Il messia è fuori di sé

Audio del Vangelo

Dal Vangelo secondo Marco
Mc 3,20-21

In quel tempo, Gesù entrò in una casa e di nuovo si radunò una folla, tanto che non potevano neppure mangiare.
Allora i suoi, sentito questo, uscirono per andare a prenderlo; dicevano infatti: «È fuori di sé».

Audio della riflessione

La sua parola è follia pura, non può essere ridotta a buon senso, a cose che stanno nella media. Esige uscire da sé per capirlo, uscire dal perbenismo per ascoltarlo. Quanti tentativi facciamo per rendere spiegabile la persona di Gesù, per abbassarlo al nostro buon senso, per stringerlo nei nostri piccoli orizzonti.

Mi è sempre piaciuta una presentazione di Gesù fatta alcuni anni fa da un gruppo di giovani che si era inventato una fantomatica “gazzetta del Giordano”, datandola Anno 31esimo, dal 12 al 17 febbraio del 31. Il primo articolo a tutta pagina era così: Il Nazzareno pronuncia un discorso scandaloso rivoluzionario. Il profeta è pazzo! e sottotitolo: Su un colle vicino a Cafarnao: farneticazioni riguardo la felicità. Gesù viene presentato come il chiacchierato figlio di un carpentiere che da qualche mese predica la venuta del regno di Dio e l’amore fra le genti, e che ora è ricercato dal Sinedrio dopo il suo discorso intitolato: Le beatitudini. Fin qui la fantasiosa “gazzetta del Giordano”. Un modo interessante per far capire che di fronte a Gesù occorre cambiare metodo di giudizio, di comprensione, di accettazione della sua persona.

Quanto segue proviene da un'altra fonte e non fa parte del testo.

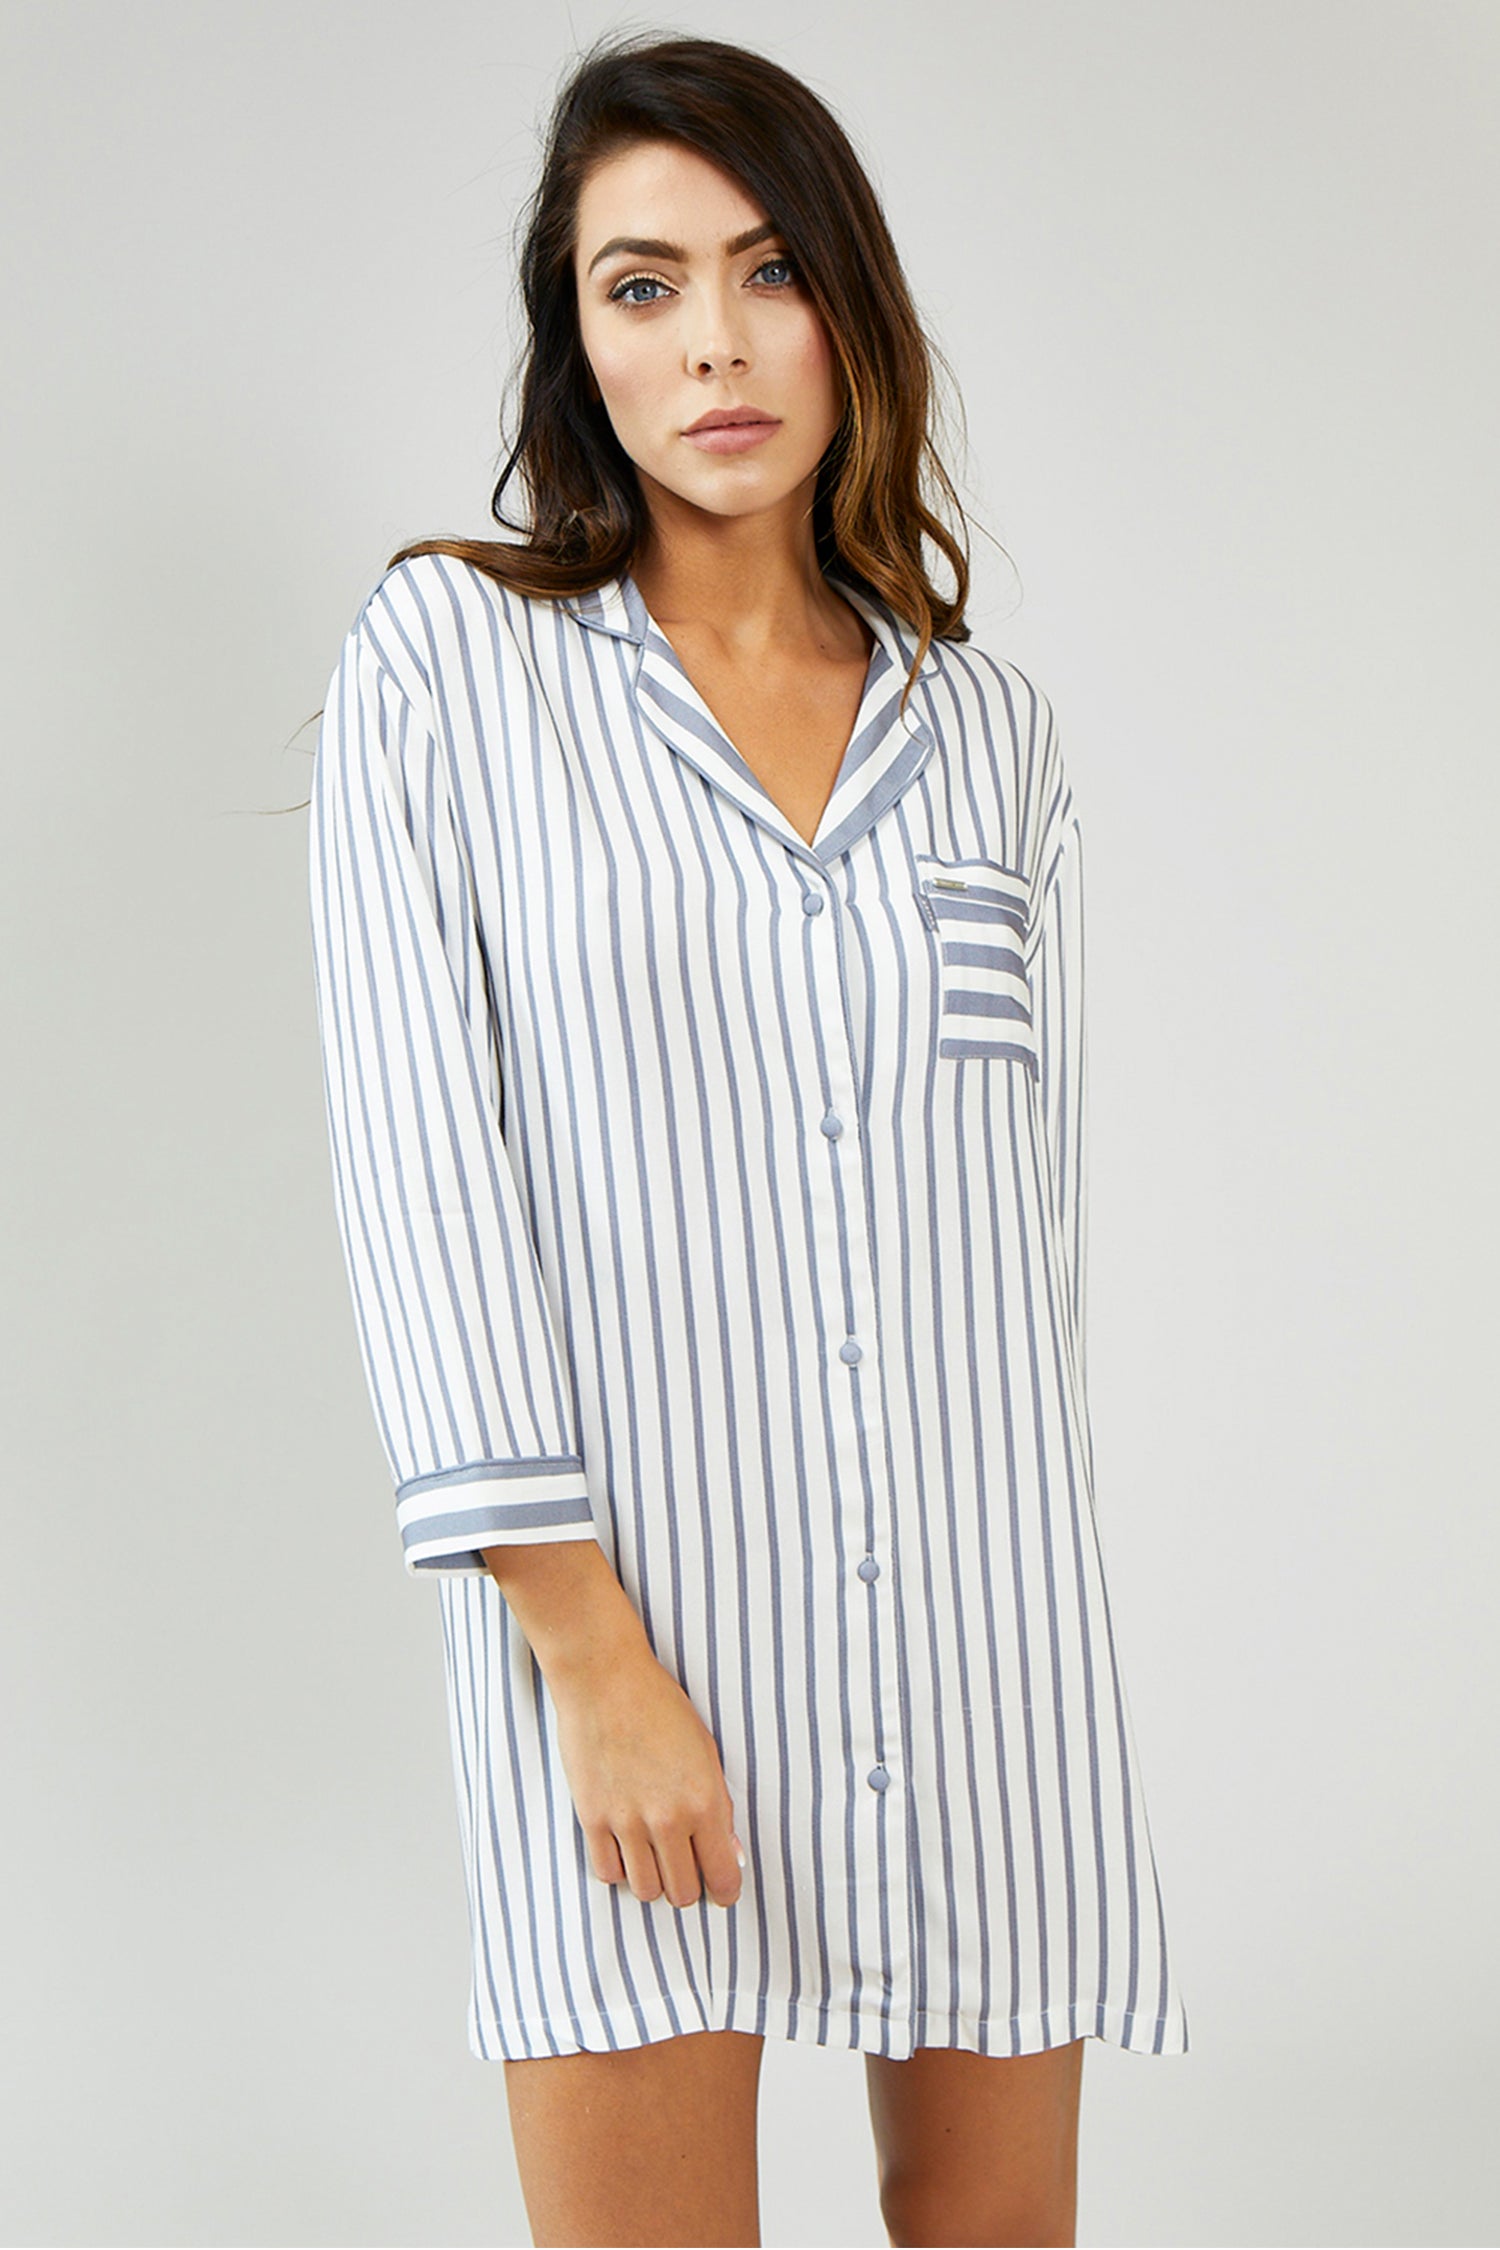 Womens Stripe Grey/Ecru Nightshirt Nightwear from Pretty You London ...

Purtroppo noi cristiani di oggi ci siamo troppo abituati a dare per scontato tutto quello che ci ha anche motivato in alcune stagioni della nostra esistenza, anche se per le nuove generazioni non si può più dire che Gesù è un fatto da collocare nell’infanzia come una favola. A moltissimi non se ne è proprio più parlato da tanto tempo, la sua nascita è stata sostituita da babbo Natale, un insieme di occasioni per mangiare diversamente, un bel tempo per avere vacanze da scuola che poco alla volta diventeranno non il ricordare Gesù, ma per la nostra cultura mediterranea, la festa del sole che nasce o poco più.

 E’ finita l’era della cristianità, dove ogni elemento della esperienza credente veniva sostenuto appunto da tradizioni anche ben pensate, da presepi, da rievocazioni del fatto benedetto della nascita al mondo del Signore, fosse anche non del tutto capito, ma almeno mai nascosto. Anche gli stessi parenti di Gesù rendono evidente con il loro tentativo di metterlo a tacere, di andarlo a ricuperare da questa predicazione fuori norma popolare perché anch’essi non lo capivano.

Sua madre invero aveva un’altra visione del suo figlio Gesù, teneva dentro di sé ogni cosa e ha saputo  con la sua presenza tenace fino sotto la croce, maturare in se stessa e per i suoi sempre di più la grande novità del Figlio suo Gesù.

Se noi cristiani non stiamo attenti e riduciamo la nostra fede a lontani ricordi di infanzia o a connessioni troppo legate al consumismo, ne verremo privati, la affosseremo anche noi come poi hanno fatto i suoi contemporanei incapaci di ridiscutere il senso della propria esistenza e dare risposta alla sete di infinito non negli orpelli delle leggi farisaiche, ma nella vera vita di Dio.